L a pandémie a frappé durement le monde, entraînant un très grand nombre de décès. Les gouvernements ont dû changer de cap et réaffecter des fonds pour soutenir le secteur de la santé et les personnes rendues vulnérables par la pandémie. Les économies les plus développées ont pu injecter d'énormes sommes d'argent d’aide fiscale afin d’aider à relancer leurs économies. Les États-Unis ont mis de côté 1. 900 milliards de dollars supplémentaires en soutien fiscal et d'autres grands pays comme le Japon et le Royaume-Uni ont alloué des montants tout aussi élevés. Malheureusement, pour de nombreux pays en développement et à faible revenu, le soutienbudgétaire nécessaire reste inaccessible. Cela s'explique en grande partie par le fait que nombre de ces pays ne disposent pas d'un espace fiscal qui leur permettrait d’absorber les chocs et de faciliter la reprise économique. Les pays qui parviennent à mobiliser et à réallouer des fonds le font souvent au détriment d'autres domaines essentiels tels que l'éducation et les dépenses sociales. L'investissement dans les infrastructures, qui est essentiel pour atteindre une croissance durable à long terme, est également compromis. L’Afrique subsaharienne a enregistré une contraction de 1,9 % de son produit intérieur brut (PIB) en 2020, la plus forte depuis que ces statistiques sont compilées.
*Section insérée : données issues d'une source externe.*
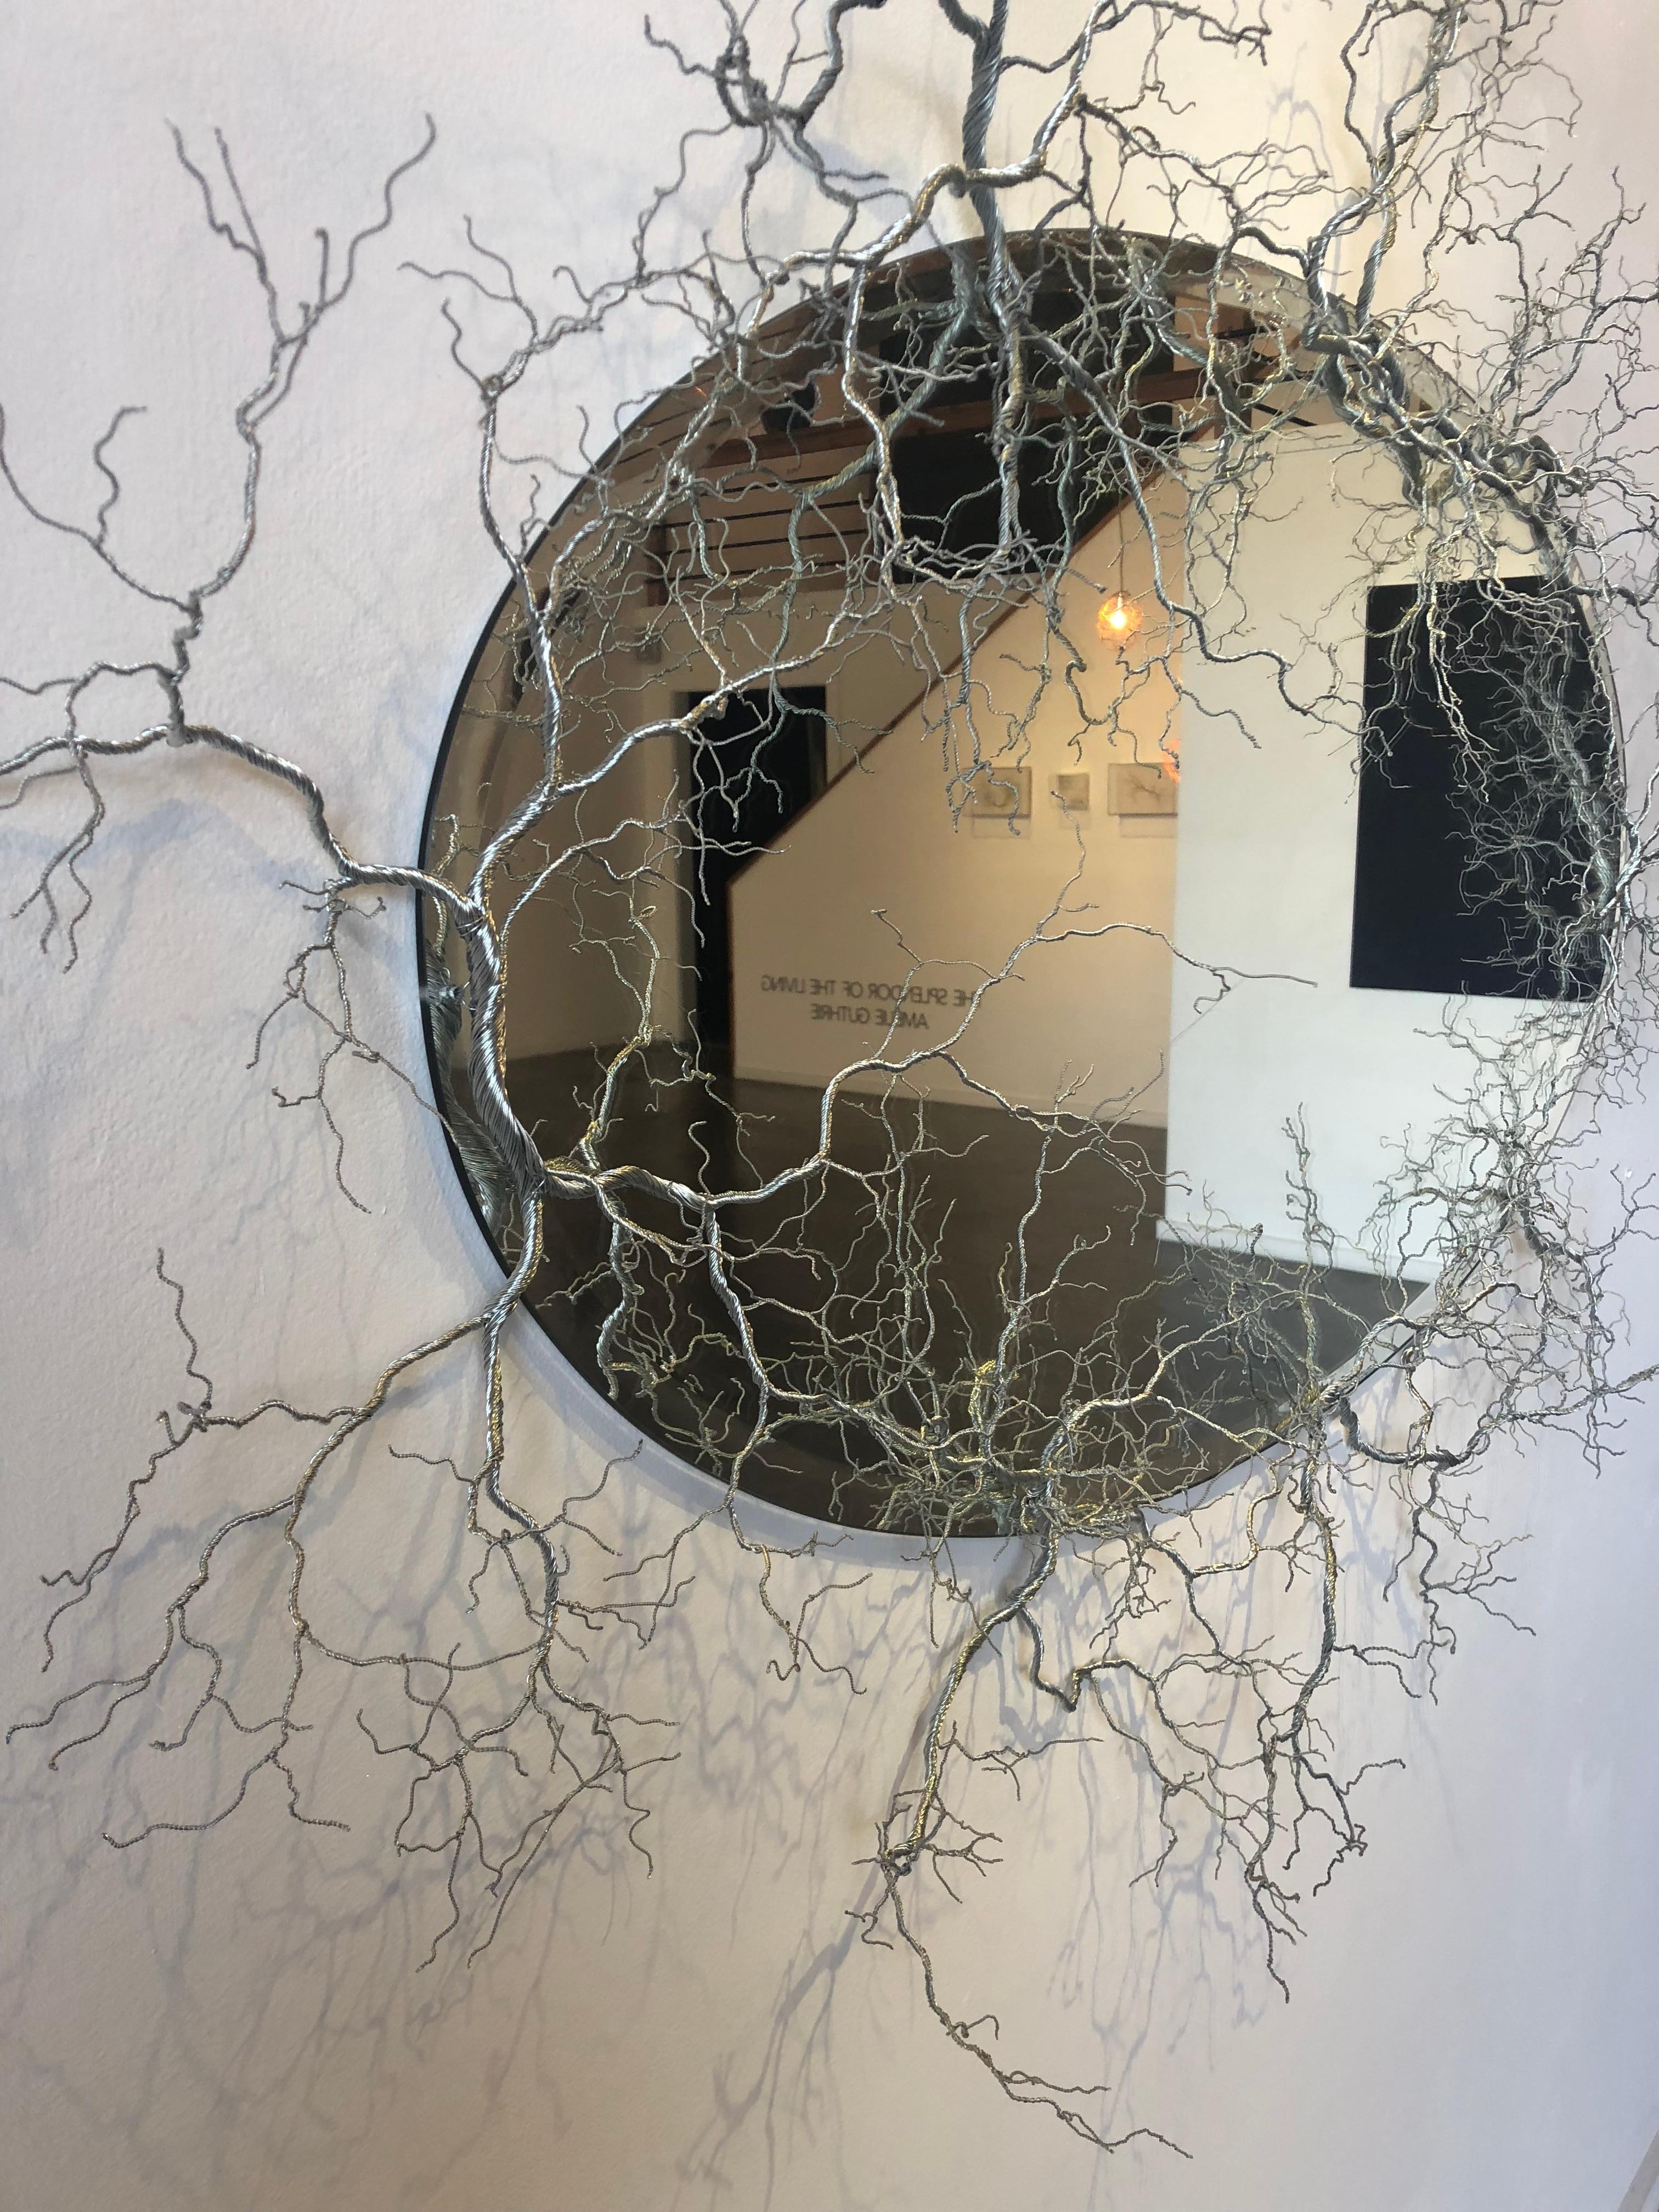 Large fine art wire metal sculpture of tree branches surrounding an oval mirror.

Amélie Guthrie grew up in New Orleans before studying art history at Vanderbilt University. Thereafter, her adoration for art continued to flourish, and she worked in

La région devrait connaître une reprise sensible en 2021, à 3,4 %. Cette reprise sera due surtout à l’effet mécanique de rebond. Une forte croissance d'environ 4 % est prévue en 2022. Ces projections comportent sont cependant sujettes à caution car les performances de nombreuses économies africaines seront influencées par l’ampleur des infections et la
virulence de nouvelles souches du virus du Covid-19, qui semblent plus infectieuses. Les fermetures et les mesures de confinement ont causé des ravages dans de nombreux pays du continent, étouffant la croissance et ralentissant les efforts de relance des économies. L’Afrique demeure tout de même la région du monde où le nombre de cas d'infection par le Covid-19 et de décès est le plus faible. Selon la Conférence des Nations unies sur le commerce et le développement (CNUCED), le continent enregistre environ 2 décès par million d'habitants, alors que l'Europe en compte environ 202. Les données du continent africain ne reflètent peut-être pas vraiment la réalité sur le terrain, car les tests ne sont pas aussi étendus que ceux des pays développés. Dans certains pays comme la Tanzanie, l'existence même du virus est toujours débattue. Néanmoins, les taux de mortalité sur le continent ont été faibles. L’impact de la pandémie sur les économies africaines est particulièrement notable dans les perturbations des chaînes de valeur mondiales et le ralentissement des échanges avec les principaux partenaires commerciaux du continent, notamment l'Union européenne, les États-Unis et la Chine. Les politiques de confinement et la faible productivité des économies africaines ont également aggravé le choc de la pandémie. Les mesures de confinement ont réduit la demande d'exportations africaines. De plus, elles ont réduit de manière drastique les flux d'investissements directs étrangers et les montants de l'aide au développement. Les pays qui dépendent largement du tourisme, comme le Maroc, la Tunisie et les Seychelles, sont parmi les pays les plus touchés du continent. La pandémie a pratiquement bloqué les voyages—de nombreux pays ont fermé leurs
frontières ou mis en place des mesures restreignant les déplacements. Or, les pays qui dépendent du tourisme ne disposent pas d'une grande marge de manœuvre budgétaire pour apporter un soutien financier à leur secteur privé. Les entreprises évoluant dans le secteur touristique ont du mal à se maintenir à flot et suppriment des emplois. Le vaste secteur informel reste un système de survie important. Cependant, son succès est intrinsèquement lié aux performances de l'économie formelle. Par conséquent, la perte de revenus dans le secteur formel causée par les fermetures d'usines dues à la pandémie aura un impact direct sur la capacité des ménages du secteur informel à consommer. Les envois de fonds vers les pays africains ont diminué en raison de la pandémie. La Banque mondiale prévoit que les envois de fonds diminueront d'environ 14 % en 2021. Les envois de fonds ont constitué la source la plus importante et la plus stable des flux financiers internationaux depuis 2010, représentant environ un tiers du total des entrées financières extérieures. Les ravages causés par la pandémie sont donc considérables et le chemin vers la reprise sera difficile. Celle-ci sera à plusieurs vitesses avec certains pays décollant plus vite que les autres, en fonction de leur accès aux financements. La Côte d'Ivoire par exemple a testé l'appétit des marchés en émettant une euro-obligation de 1 milliard d'Euros sur 12 ans le 25 novembre. Le prix de l'obligation a été fixé à un rendement record de 5 % et il a été sursouscrit cinq fois. La Côte d'Ivoire pourrait à nouveau s'endetter en 2021, ce qui augmenterait sa marge de manœuvre budgétaire.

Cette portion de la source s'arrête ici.